Keywords : BigData, Hadoop, Spark,
Deep-Learning
Les données météorologiques
générées par seconde sont BigData, qui est difficile
à traiter avec des ordinateurs à la maison. En particulier, les
superordinateurs utilisés par le National Weather Service sont plus
chers que les clusters qui connectent plusieurs ordinateurs en parallèle
avec une seule machine. Pour remédier à ces limitations d'une
seule machine, l'environnement de cluster a été
créé à l'aide du framework BigData Hadoop et Spark. Par la
suite, un modèle de prévision d'apprentissage en profondeur a
été créé en utilisant des données de
température pour prédire le point de réduction de
COVID-19. Le modèle est conçu pour mettre la température
maximale de la dernière décennie à chaque jour à la
valeur d'entrée, et pour prédire la météo 2020, en
espérant une fin précoce de COVID-19. Par conséquent, le
point de réduction prévu de COVID-19 était conforme au
point de rupture réel.
Mots clés : BigData, Hadoop, Spark,
Deep-Learning
- 3 -
Table of Contents
I. INTRODUCTION
II. LITERATURE REVIEW
1. Coronavirus
1.1. SARS and MERS
1.2. Seasonal Virus
1.3. 2019 Novel Coronavirus
2. Weather Prediction Model
2.1. Numerical Weather Prediction (NWP)
2.2. Deep Learning Model
3. Applied Technologies
3.1. Hadoop
3.1.1. HDFS
3.1.2. MapReduce
3.1.3. Yarn
3.2. Spark
3.2.1. Low-Level API
3.2.2. Structured API
3.2.3. Machine Learning on Spark
3.3. Docker
3.3.1. Micro-Service
3.3.2. Image and Container
3.3.3. Networks
3.3.4. Kubernetes
4. Conclusion
III. METHOD AND DATA
1. Development Environment
2. Data
2.1. Daily COVID-19 confirmed cases
2.2. Max Temperature Data
3. EDA, Exploratory data analysis
4. Prediction Modeling
4.1. Data Preprocessing
4.2. Multi-Layer Perceptron
IV. Result
V. Discussion
VI. Conclusion
- 4 -
I. INTRODUCTION
Coronavirus, which began to infect humans through bats, has
appeared in various shapes since 2003. The variety of Coronavirus, which
appeared in SARS in 2003, MERS in 2009 and COVID-19 in 2019, has social and
economic implications as well as human health. In particular, this COVID-19 is
a deadly situation, with the WHO issuing a "Pandemic" proclamation. Since the
first confirmed case of COVID19 appeared in Wuhan, China on December 8, 2019,
data from the World Health Organization (WHO) have shown that more than
2,314,621 confirmed cases have been reported worldwide by April 20, 2020. Among
them, 157,847 people died, with a fatality rate of around 7 percent[19].
Fortunately, in some countries with a well-respected COVID-19 medical system,
the number of confirmed cases remains double-digit every day, and the number of
confirmed cases continues to decline. However, the impact of COVID-19 has led
to a setback in global economic and social infrastructure, and a tentative
recovery period is expected, as is the result of the 2008 global financial
crisis. Economically, the U.S. stock market plunged due to the outbreak of the
new coronavirus infection, resulting in massive unemployment within a week. In
Europe, many countries that share borders from Italy to Spain, France and
Germany were closed by COVID-19. This has slowed the growth rate of many
countries tied to the euro this year.
Contrary to this disastrous reality, individual thinking predicts
that these negative effects will create many new opportunities from a long-term
perspective. Historically, many developments and advances are made by the
limited environment of the times. For example, during World War II, there were
many advances in communication and technology that we are currently using, and
the commercialization of penicillin, among medical technologies, was one of the
inventions that changed the world. We are now incorporating and developing
technologies that existed but were not frequently used to fit with the times.

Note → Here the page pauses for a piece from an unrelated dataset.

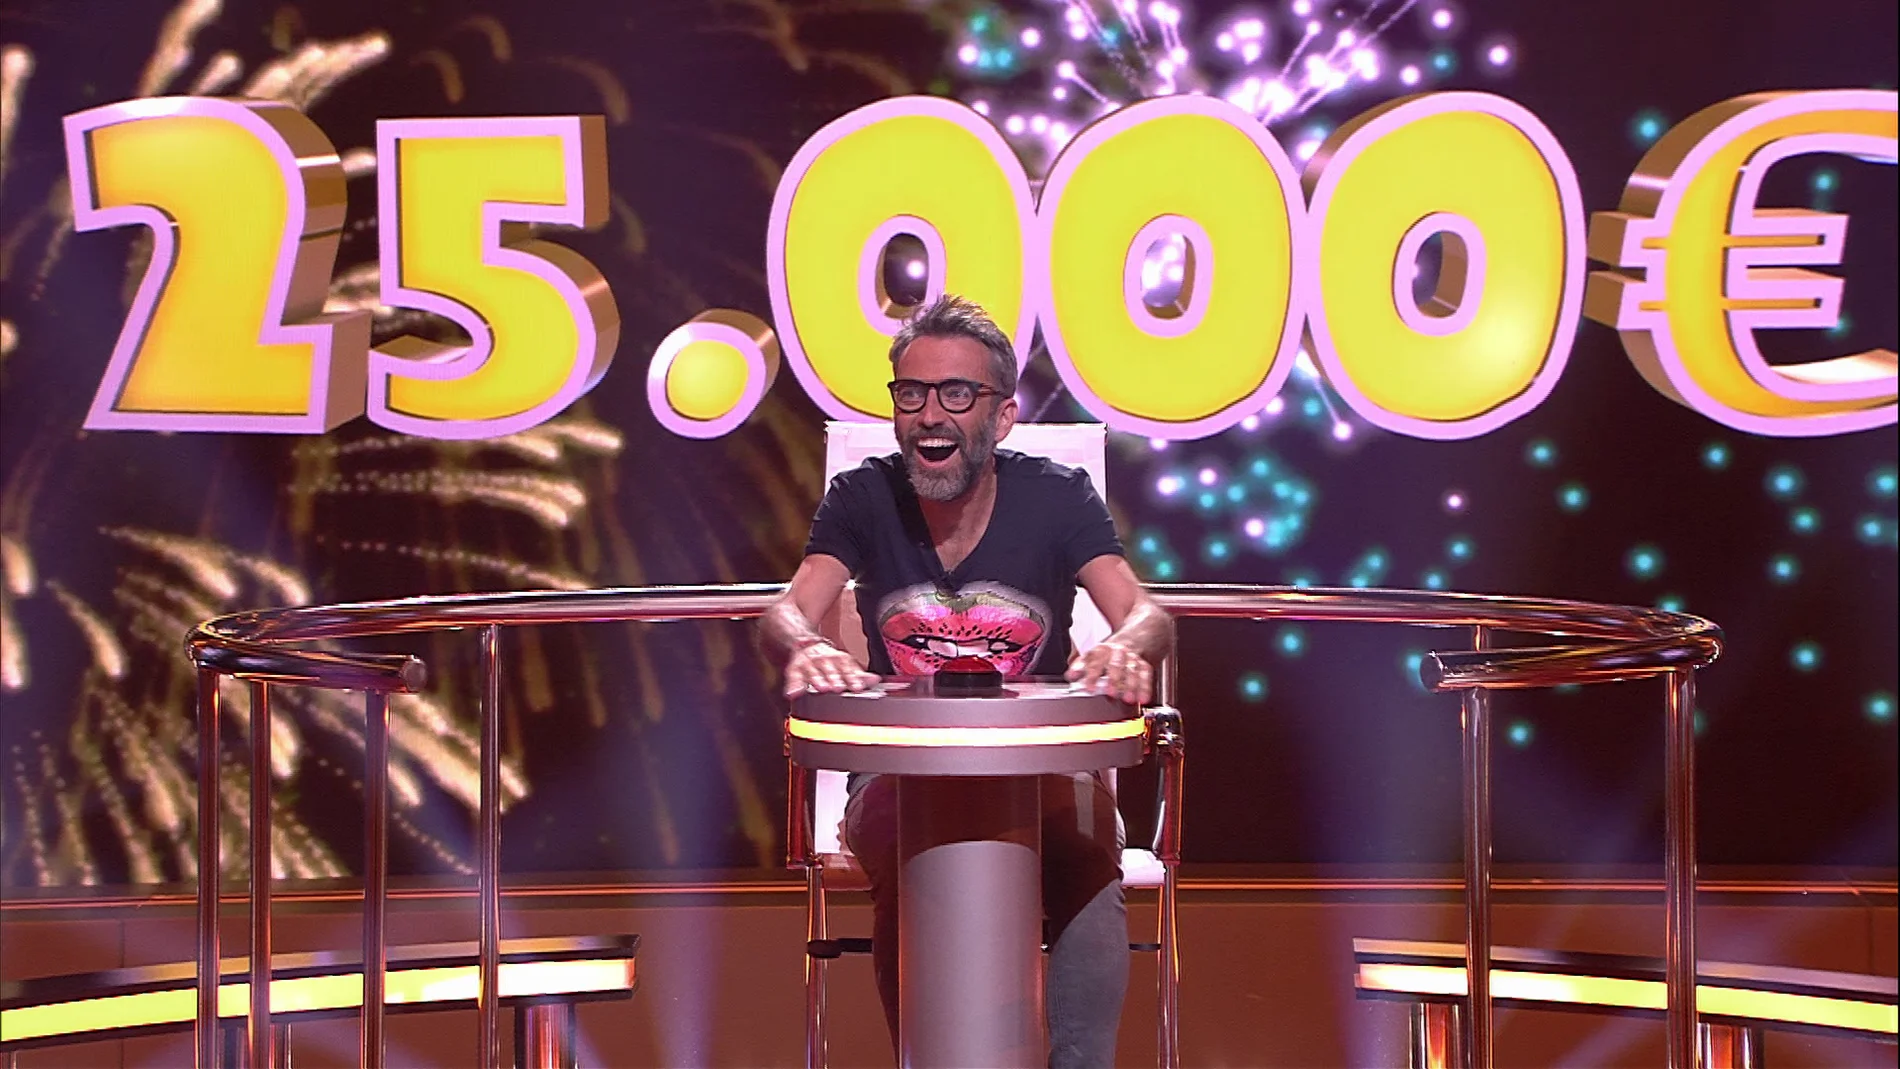 Vicenç gana 25.000 euros en ‘Juego de juegos’ gracias a los presentadores de televisión

Among them are remote education and telecommuting, grocery shopping using the
Internet, and ordering food. These technologies existed in the past, but did
not feel the need, and lacked the technology until commercialization. However,
it shows that it is growing and adapting to new environment according to the
current situation. Therefore, through temperature and humidity-based neural
network learning, we will predict when the end of COVID-19 proliferation will
come. Predicting the timing, we try to seize the economic opportunities that a
new social culture brought by COVID-19 will bring.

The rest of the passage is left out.